# Paralleling Generators



## ToolLover (Jan 13, 2020)

I have picked up on members that are paralleling generators and I am questioning how they match phases.
I guess what I am asking is how can a panel alone tolerate two different power supplies with frequencies that are out of phase.
I am baffled!


----------



## tabora (Sep 6, 2018)

Here's an article on the paralleling of generators: ? Paralleling of Generators and Synchronization
The Honda (and other) inverter generators are self-synchronizing: http://cdn.powerequipment.honda.com/pe/pdf/misc/EU2200i-EU2000i-Parallel-Operation.pdf
You can actually parallel different size Honda EU models and many have done so.
Here's the kit for paralleling the big EU7000is units for 14,000W peak: https://www.electricgeneratorsdirect.com/Honda-08E93-Z37-001AH/p92620.html?icn=PED&icl=product+page


----------



## Melson (Dec 8, 2019)

ToolLover, you're right, out-of-phase doesn't work. syncing is easy, typically is accomplished at the point of power production.
Tabora mentioned that the inverter technology brings many benefits, not the least is a sort-of self-synchronization. 
But for the homeowner it would be very difficult and impractical to do phase shifting. 
One time, a technician in Watertown forced two small Solar turbines together. My work associate and I spent the next two weeks of shift work R&R'ing a new shear coupling 😕 
At least the couplings worked as advertised 😐


----------



## ToolLover (Jan 13, 2020)

Melson said:


> ToolLover, you're right, out-of-phase doesn't work. syncing is easy, typically is accomplished at the point of power production.
> Tabora mentioned that the inverter technology brings many benefits, not the least is a sort-of self-synchronization.
> But for the homeowner it would be very difficult and impractical to do phase shifting.
> One time, a technician in Watertown forced two small Solar turbines together.
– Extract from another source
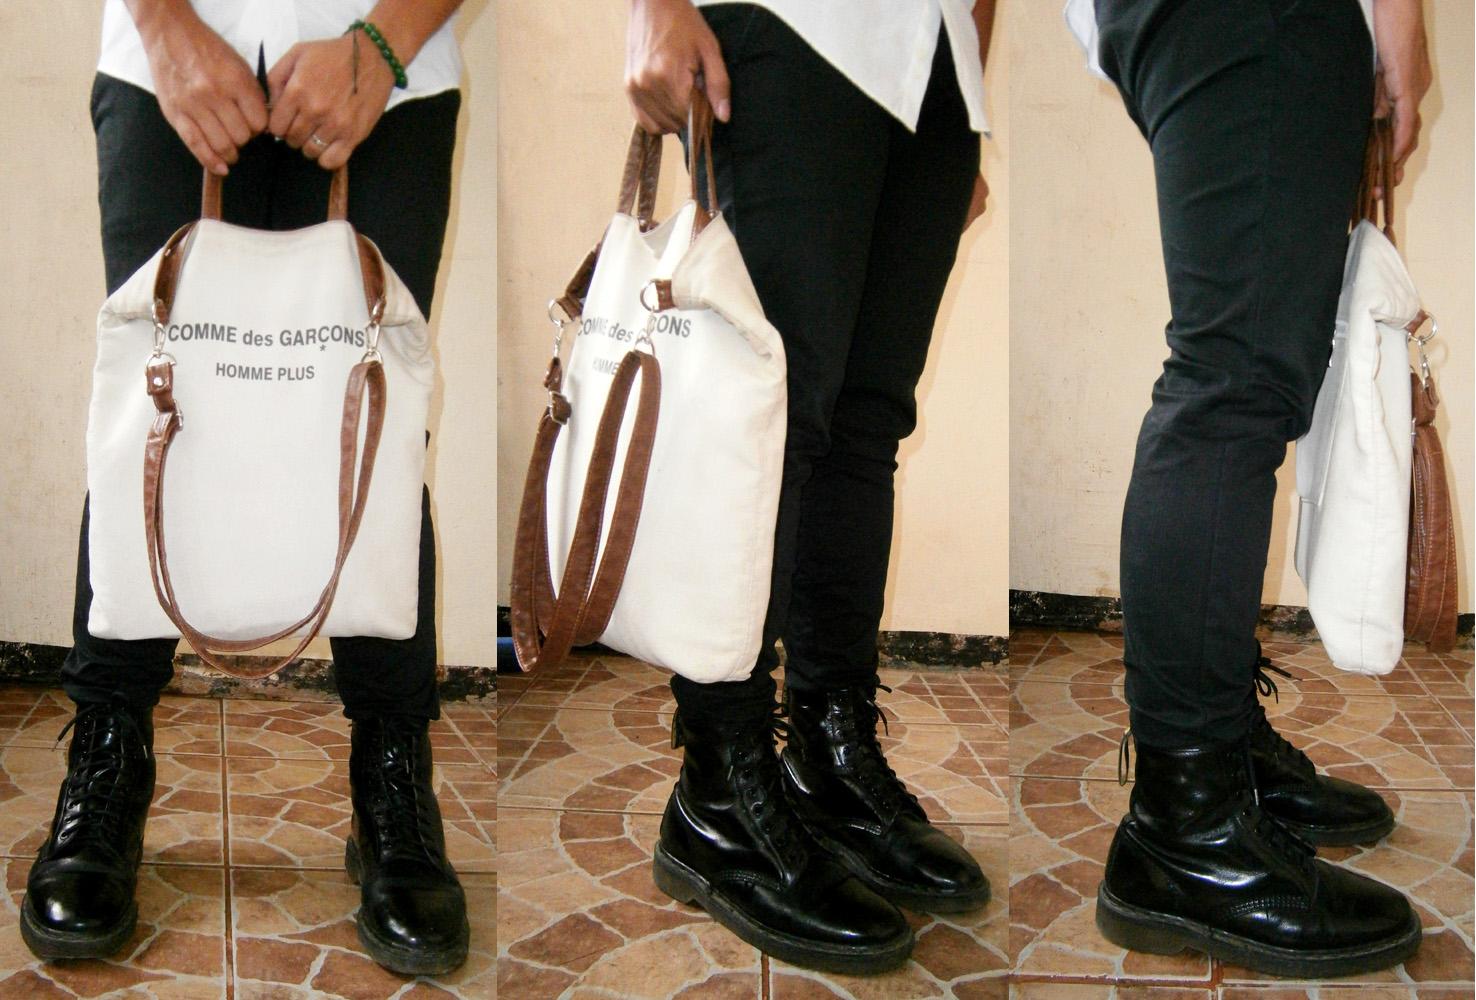 Black Giordano skinny pants, 8-hole Doc Martens, Comme des Garçons Homme Plus Canvas Tote - Manila, Philippines
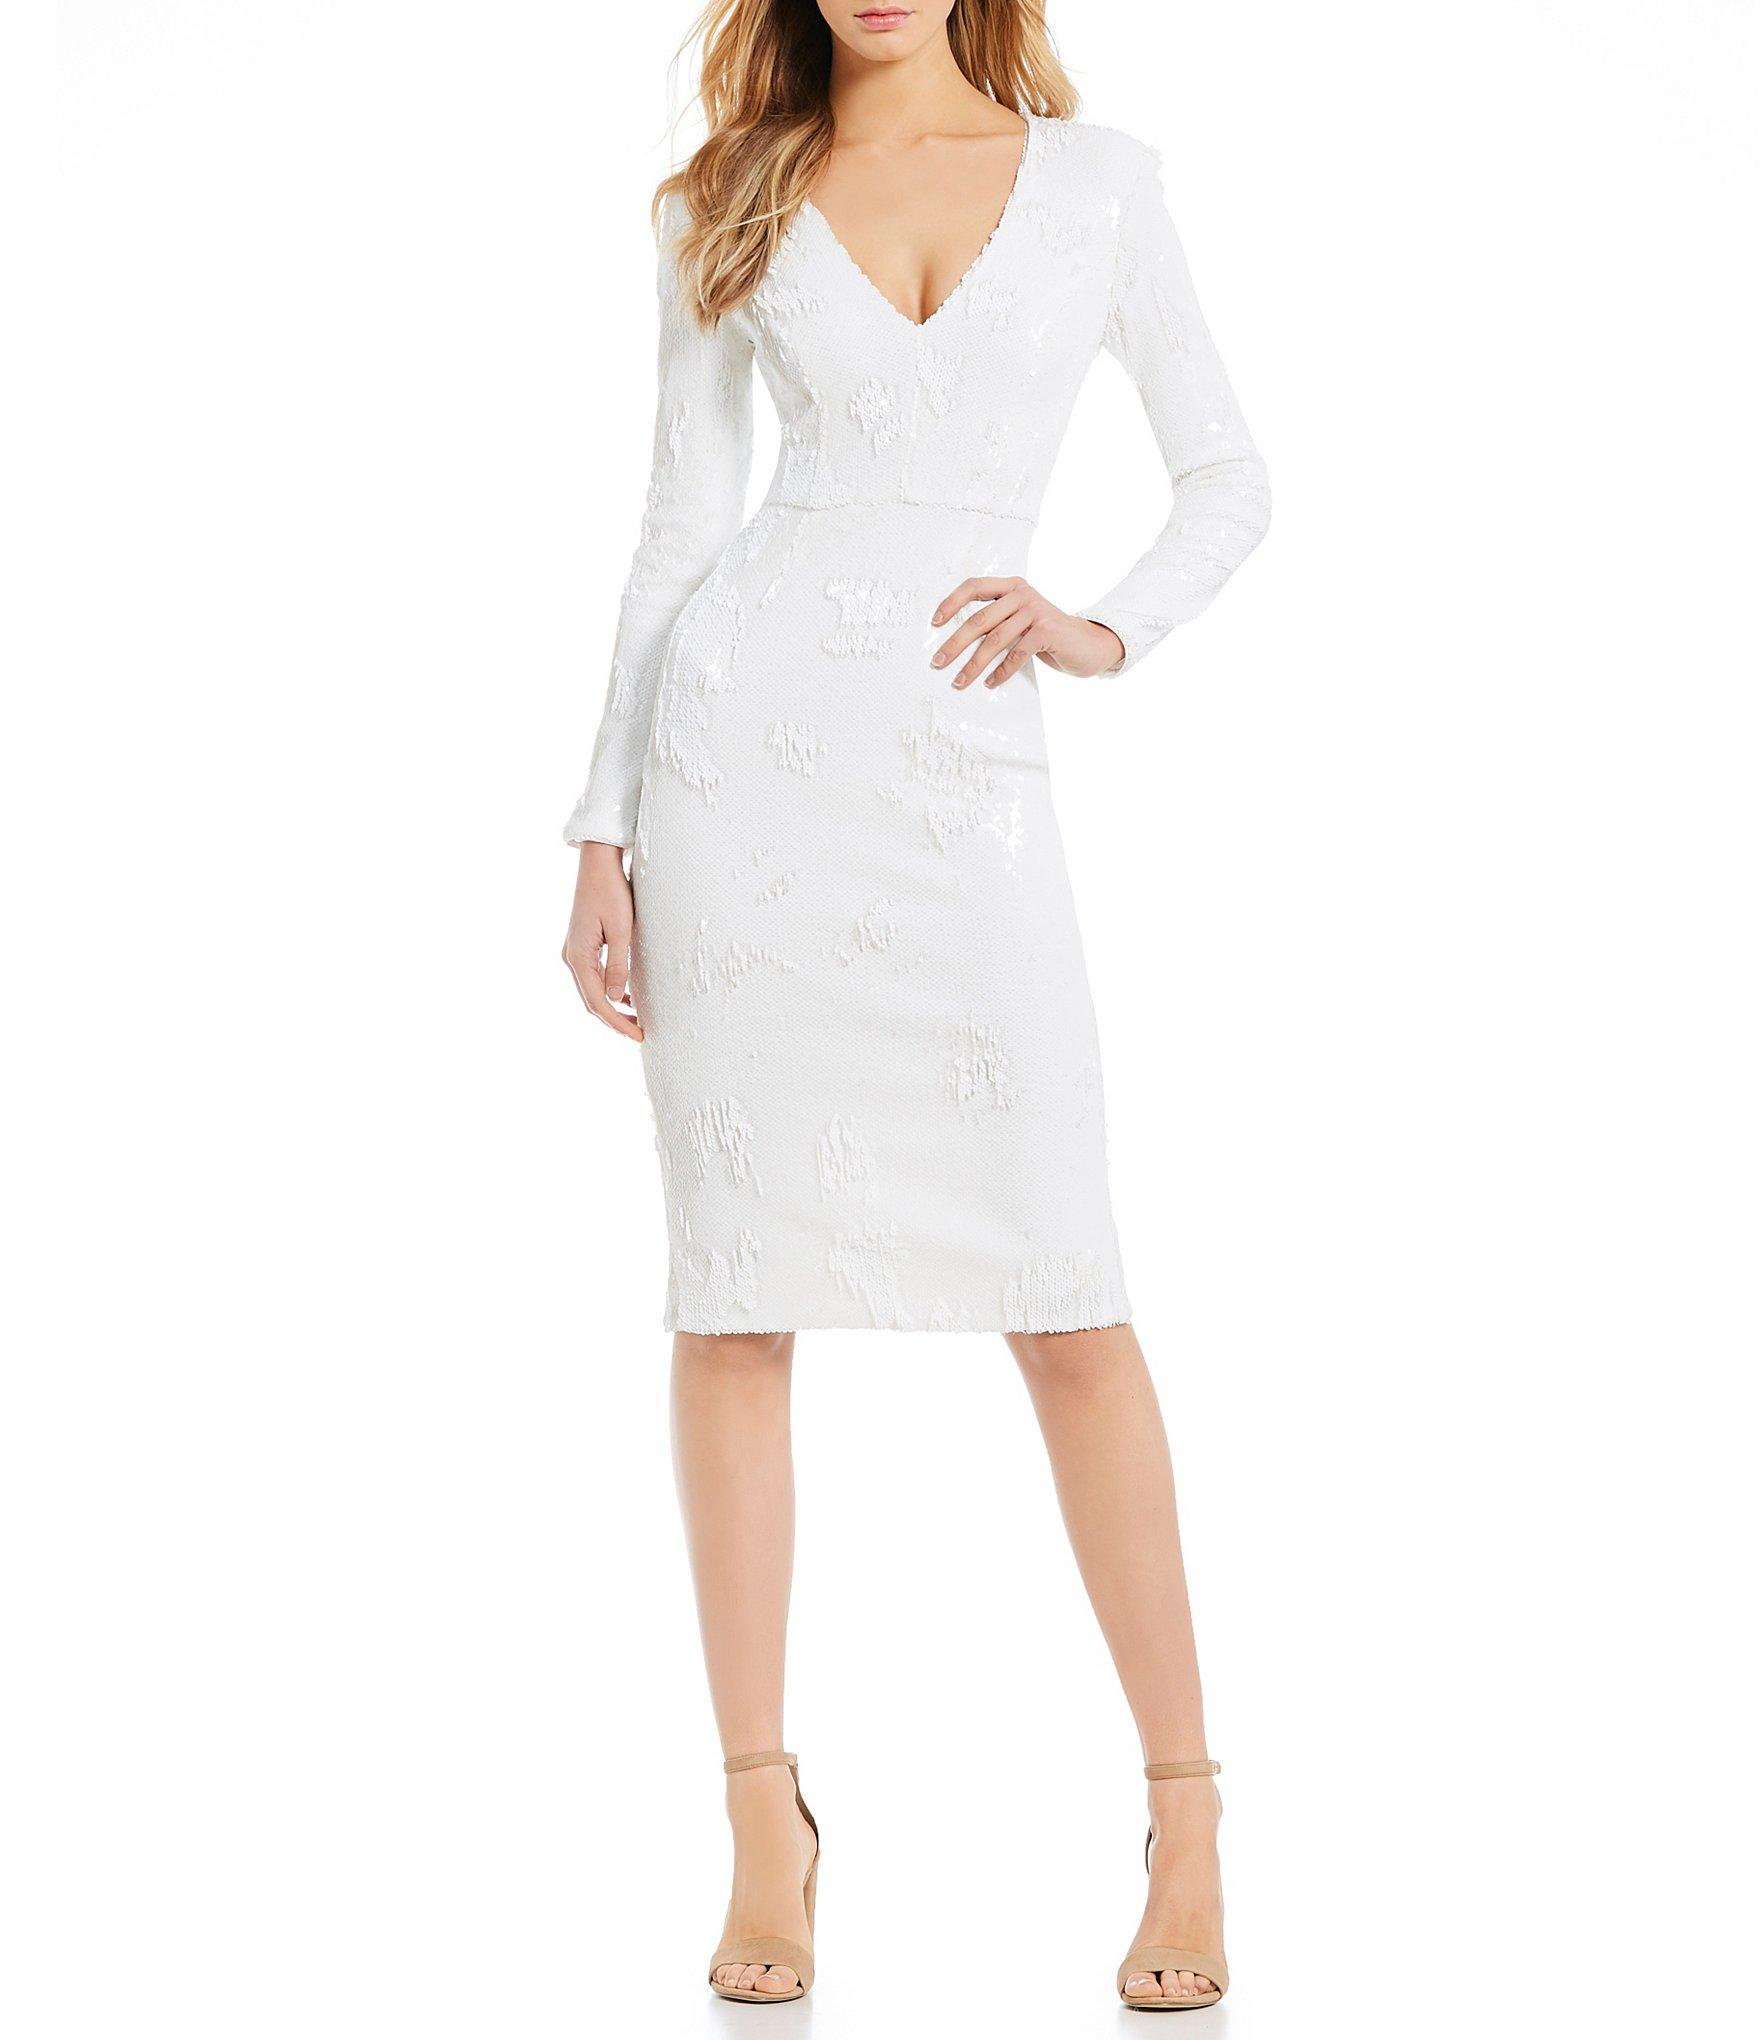 1a0e2723 Dress the Population Elizabeth Sequin Long Sleeve V-neck Midi Length ...

My work associate and I spent the next two weeks of shift work R&R'ing a new shear coupling 😕
> At least the couplings worked as advertised 😐


I was thinking paralleling two old style generators and I just could not figure how that could be done.
New technology! 
Out of my years of experience for sure.
I will just upgrade the generator size and let the young folks parallel.
Makes no sense to do that.


----------



## Osviur (Sep 7, 2015)

Hi ToolLover,

This method is more than one hundred years old and was used to sync very big generators, it may be used for single phase too.






Regards.


----------



## ToolLover (Jan 13, 2020)

Well Osivur, My old ears would ask for a better explanation of the proceedure to make it understandable in plain english.
On second thought, forget it, as I do not need to sync two generators.
I am just thinking out loud to begin with.
But thanks anyway!
And I am also thinking the old guys 100 years ago were definitely more ingenious than we of today are.:tango_face_surprise


----------



## Osviur (Sep 7, 2015)

OK ToolLover, anyway, nice to hear from you.
Best regards.


----------



## iowagold (Jan 22, 2020)

yup it is best to stick with a late model inverter gen from honda to parallel.
and it is best to stick with the same model.
there has been some issues with mixing models on the honda inverter gens.
so 2200i with 2200i
2000i with same year of 2000i
etc.
I have had luck with my quad system.
4 of the 2000i
or 4 of the 2200i
gens and a big note: only all of the gens are the same year.
I have pix at poust usa
as well as parts lists to build your own.

the honda eu series inverter generators take all the headache out of parallel system. 

now there is a way to do it with "grid tie" systems they use that with multi source generation like on the wind turbine and solar systems. but it takes special inverters to do that!


----------